As we walk to the train station, I confess what I’ve done to my father. Isaac already knows that my rash behavior will complicate his life, but he doesn’t want to hurt my feelings or make our farewell any worse. “You did what you had to do,” he tells me. “And it’s not for me to judge you.”
Once we’re standing beside the train, he says, “When you’re in Belgium, try not to get too angry at me for not coming along.”
“I’ll try, but no promises,” I reply, doing my best to smile.
“I’ve got a tiny going-away present to help you appreciate what Vera will tell you when you reach her.”
“What’s she going to tell me?”
“You like mysteries, so have a little patience.”
“So what’s the present you have?”
He hands me a piece of paper on which he’s written a riddle: I cross the German-Belgian border and rise on the Mount of Olives. Who am I?
“But the Mount of Olives is in Jerusalem?” I say.
“Yes, and it’s where we shall all be reborn when the Messiah comes.”
“I don’t get it.”
“Because it’s a riddle!” he exclaims, throwing up his hands.
We laugh at his comic exasperation, and I put the square of paper in my card case, next to the photograph of Raffi that Mrs Munchenberg gave me when I said good-bye to her. I kiss Isaac, and I tell him I love him. And in that one word live so many other emotions that I cannot express, so I simply hold him tight. He kisses me back, taps his finger at the center of my forehead, and recites my favorite poem:
Last night while I lay sleeping,
I dreamt—oh blessed illusion
that a beehive I was keeping
inside my heart;
And from my bitter, rotting
failures, golden bees
were making
a pure white comb with the sweetest honey.
“Remember those magic words as long as you live,” he says. “And let the bees do their work!”
The conductor strides past us, about to signal the train to depart. Each step up the staircase into my wagon feels hard and brittle, as though I’m breaking a pact between us. I turn to him from the landing. We both look at who we’re about to leave. The whistle sounds, making me start. I wave good-bye, the weight of my tenderness for him heavy on my shoulders. He waves, as well, then puts his pipe in his mouth and stares at me, his eyes moist and shoulders hunched, as though he’s a little boy.
I don’t know what he sees in me at that moment, but I see everything that’s ever made me feel my life was important—Hansi kissing Minnie as she lay dying, Dürer’s portrait of his mother, Vera handing me my troubadour coat … I see Berlin in a fairy-tale darkness and a girl who sits between her beloved papa’s legs while listening to American crooners, and a mother hunting for a dumpling recipe, and all the past that will never be repeated even if I am reborn a thousand times.
When will Isaac and I meet again?
Andre and Vera are waiting for me at the station in Liège.

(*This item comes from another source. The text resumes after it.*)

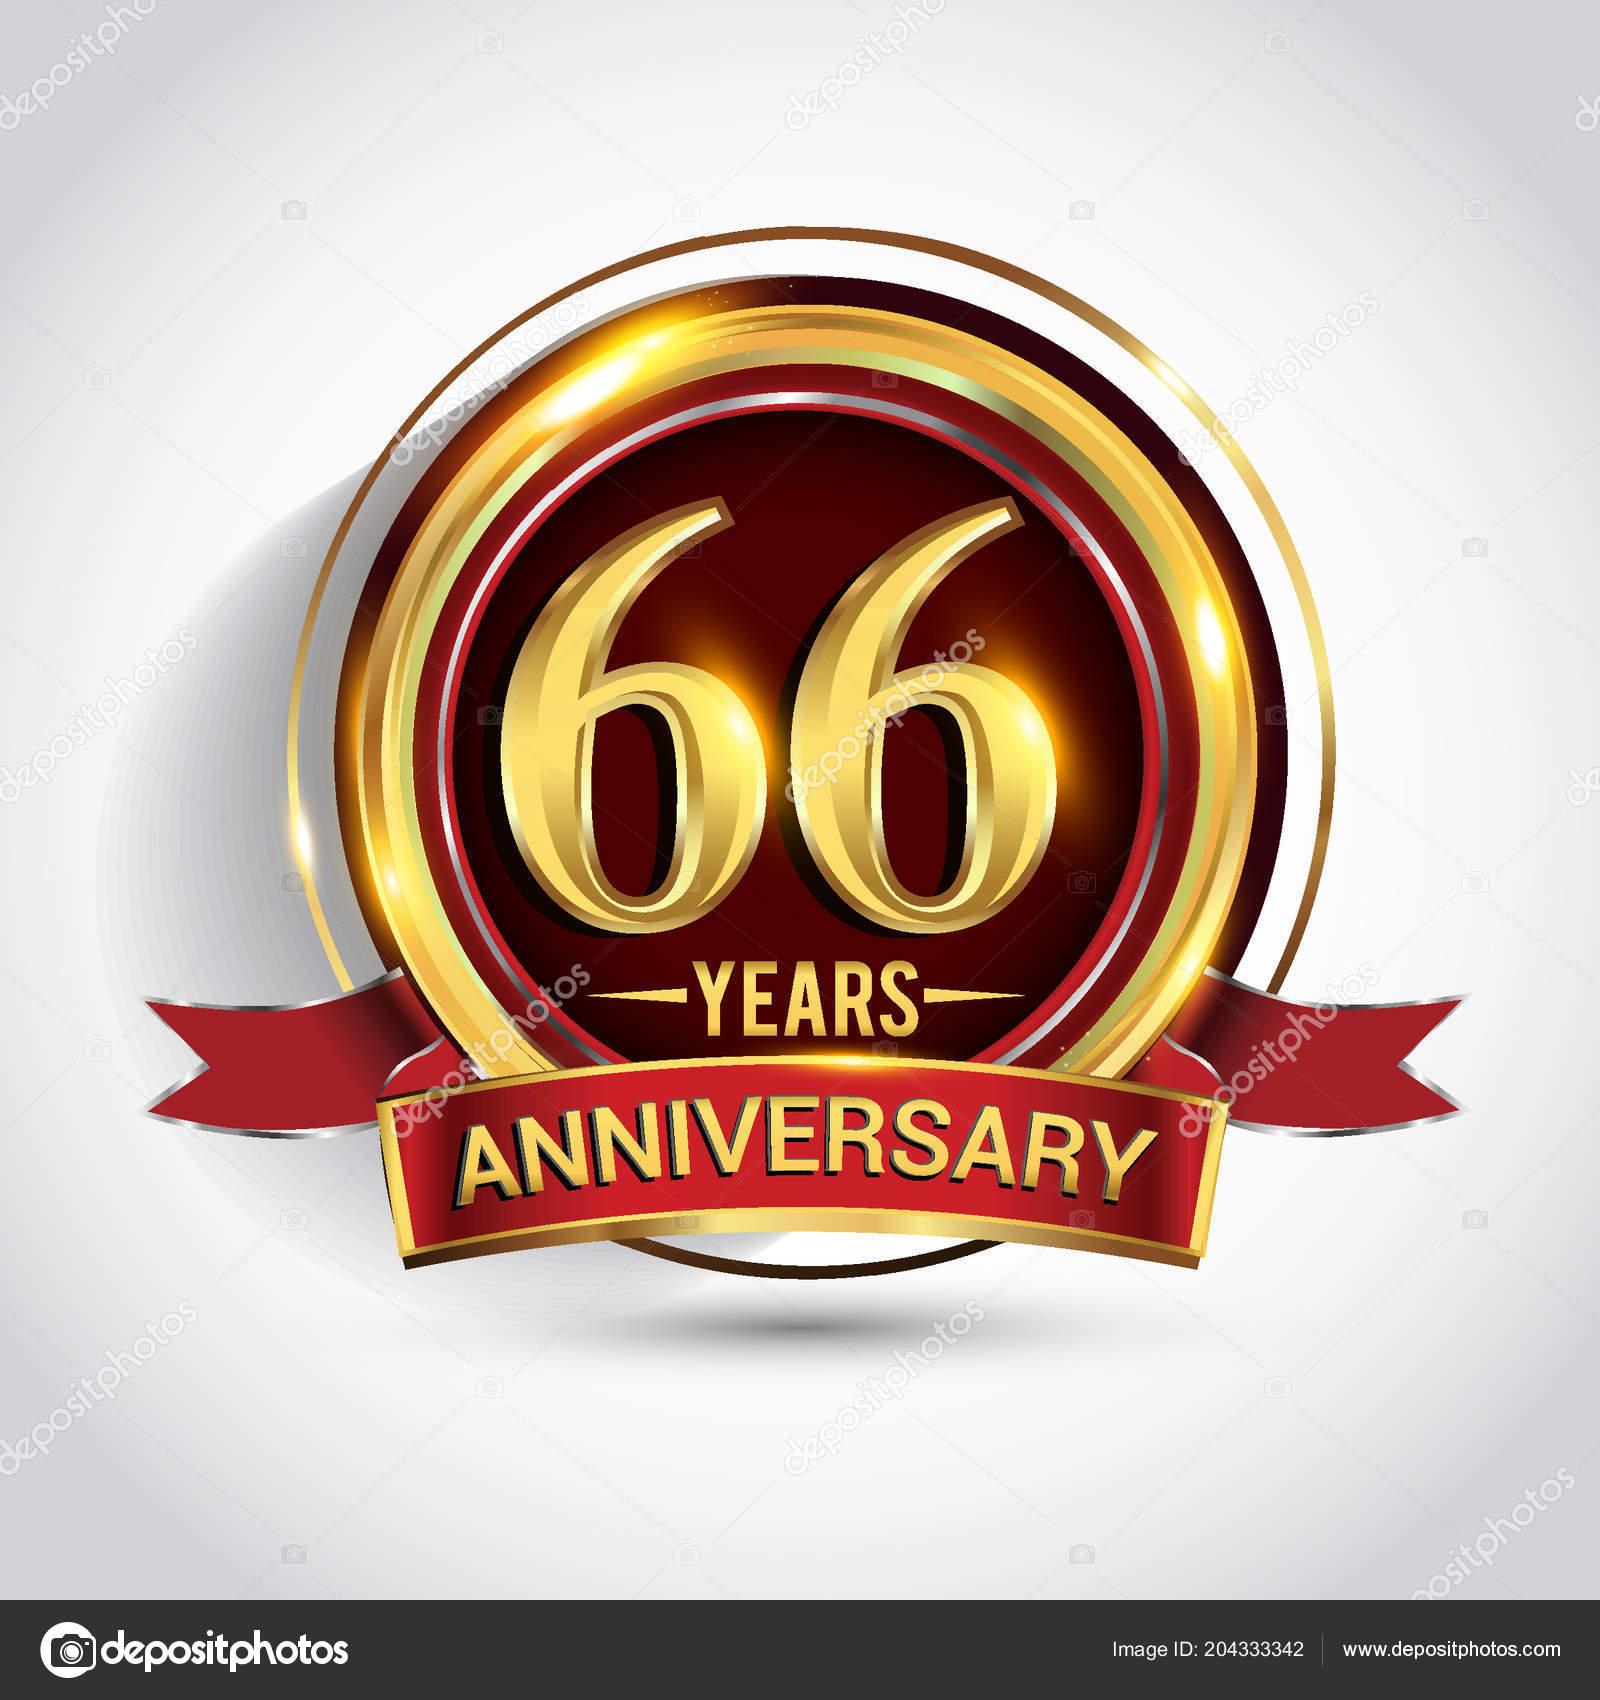 Logotipo Anni Anniversario Celebrazione Logo Con Anello Oro Nastro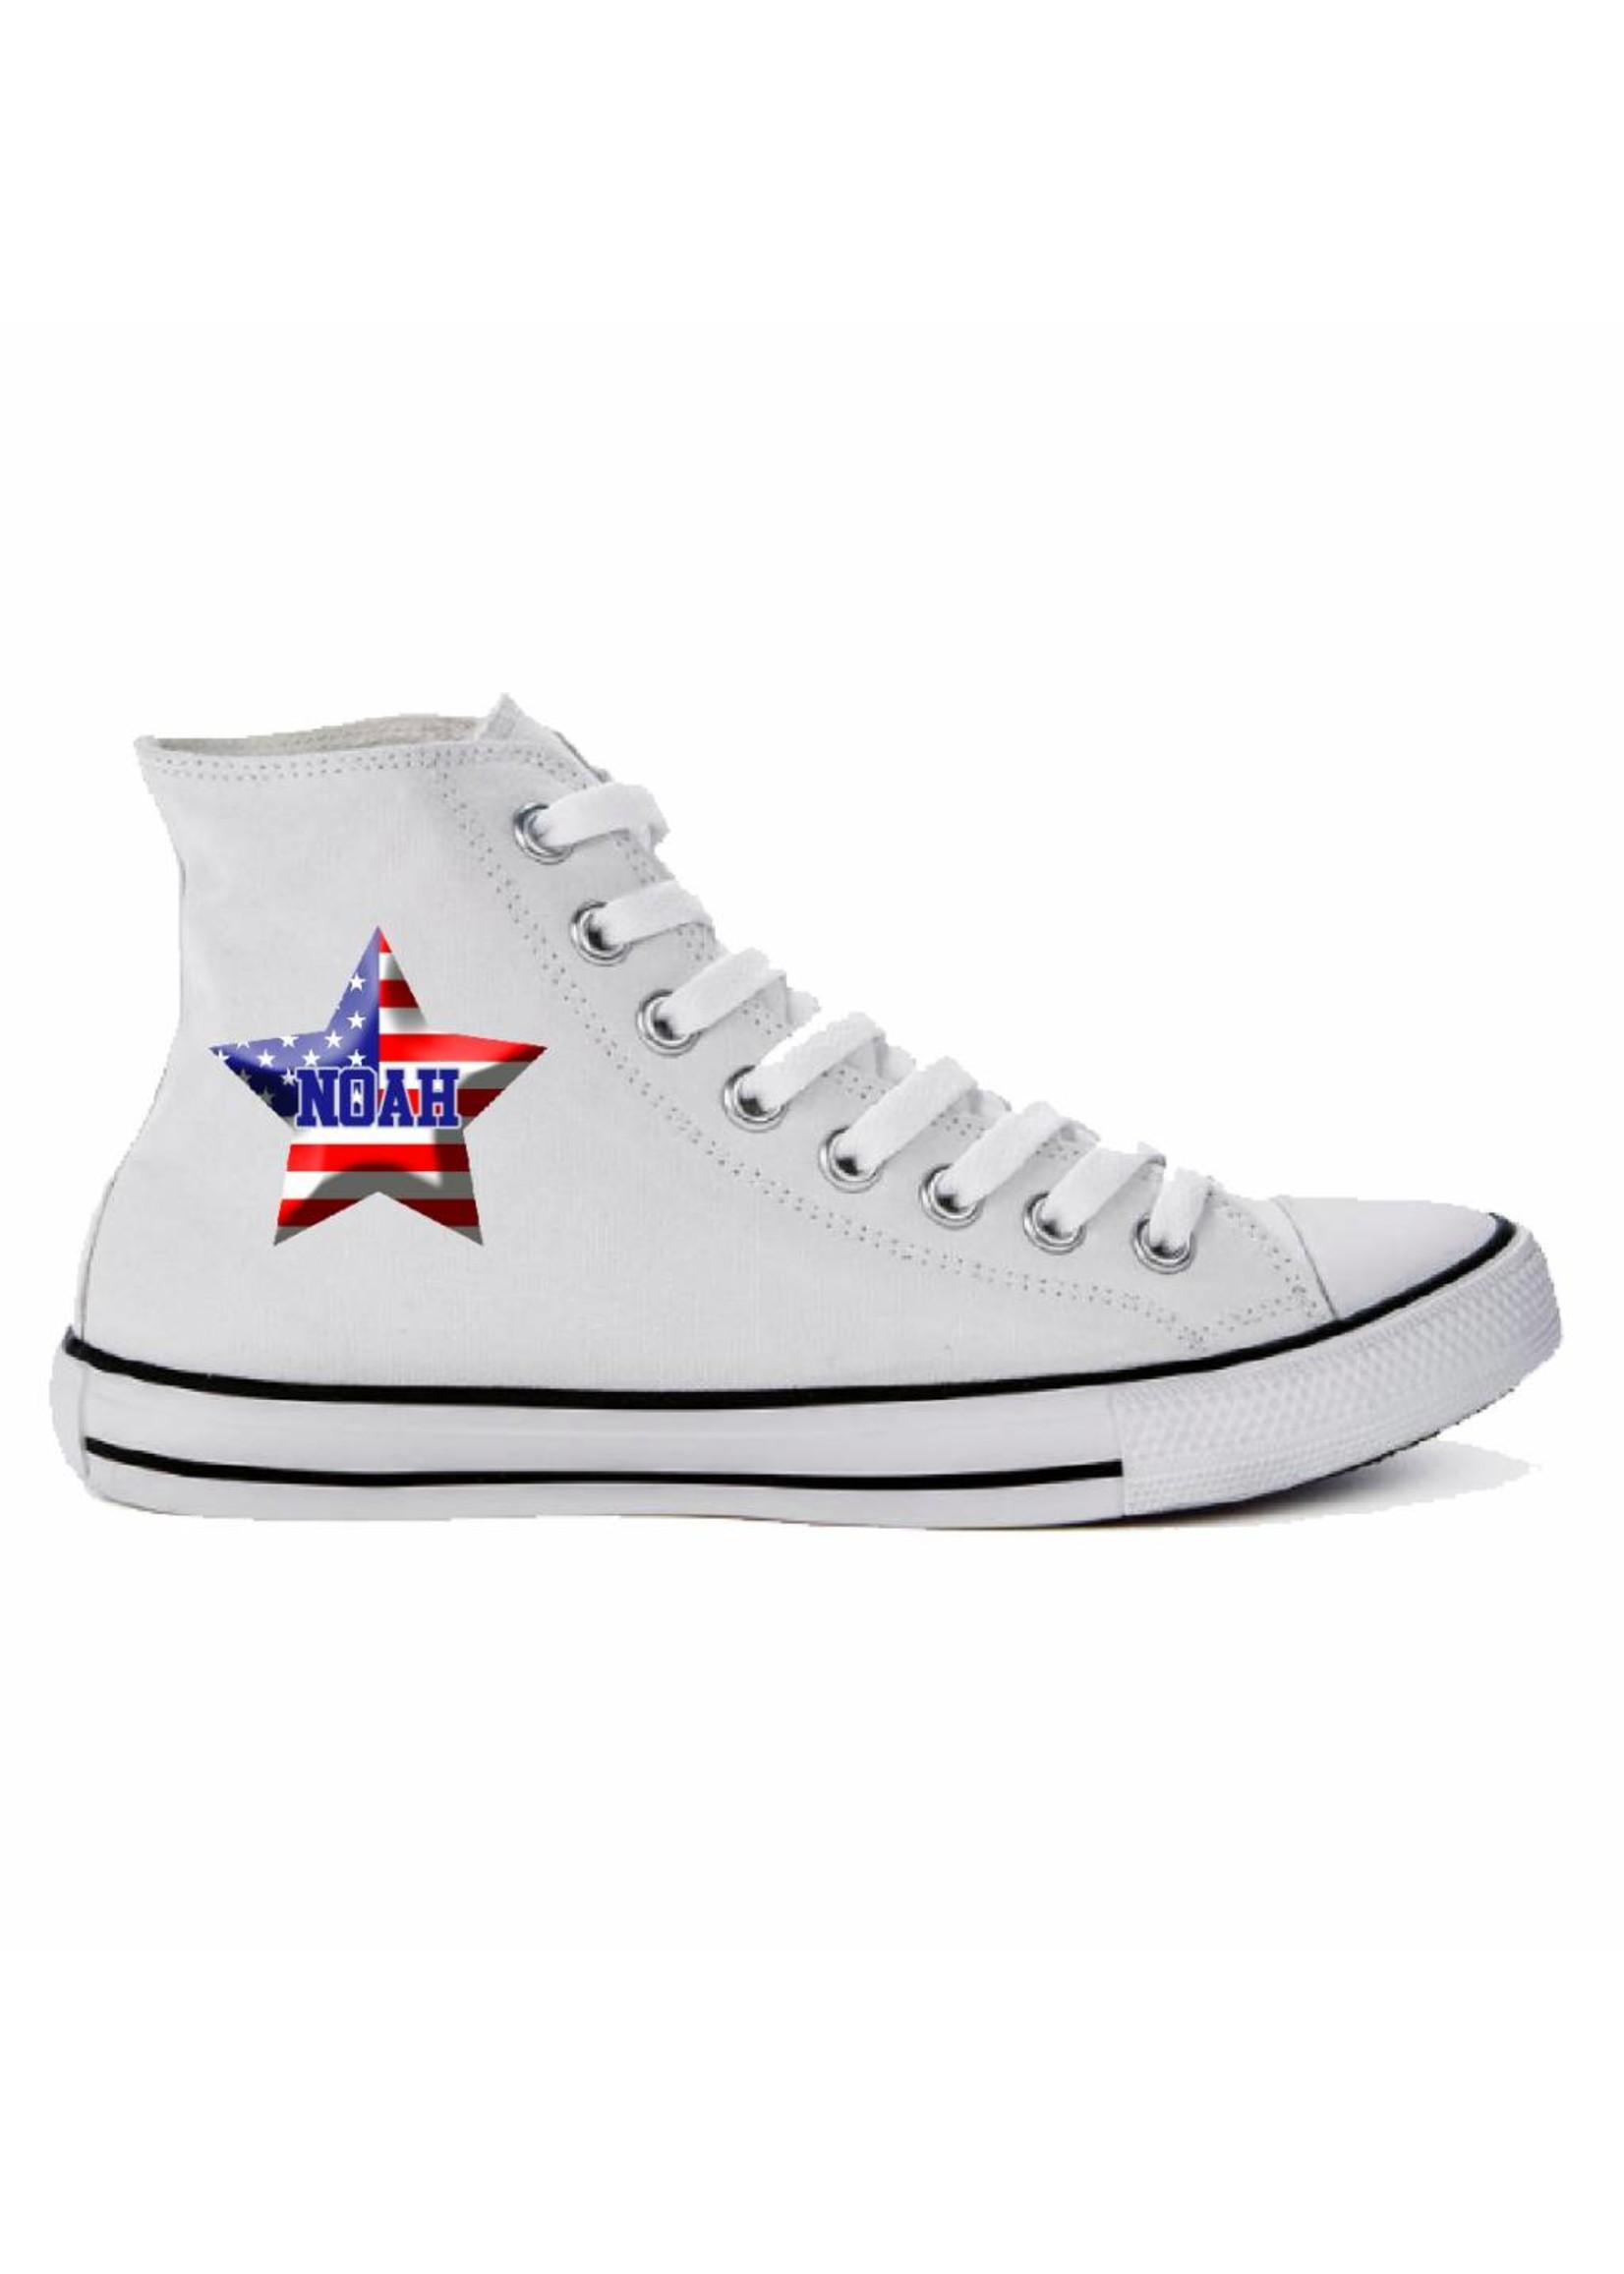 Schoen met Amerikaanse vlag en naam

“I’m so sorry about Hansi,” Vera tells me, bending down to kiss my cheek. She holds me away and studies me. “Was the journey all right?”
“I survived.”
“And the baby?”
“Fine, I hope. So Isaac told you I’m pregnant?”
She gives me an evil squint. “He knew better than to try to keep important news from Aunt Vera!”
When I reach out to shake Andre’s hand, he grins like a trickster. “I’d prefer it if you use my real name,” he tells me, and he no longer has a Czech accent.
Chapter Twenty-Two
“I don’t understand,” I tell Andre. “What’s your real name?”
We’re threading through the crowds at the end of the platform. People gape at Vera and speak in hurried French about her height. Je n’ai jamais vu une femme si grande …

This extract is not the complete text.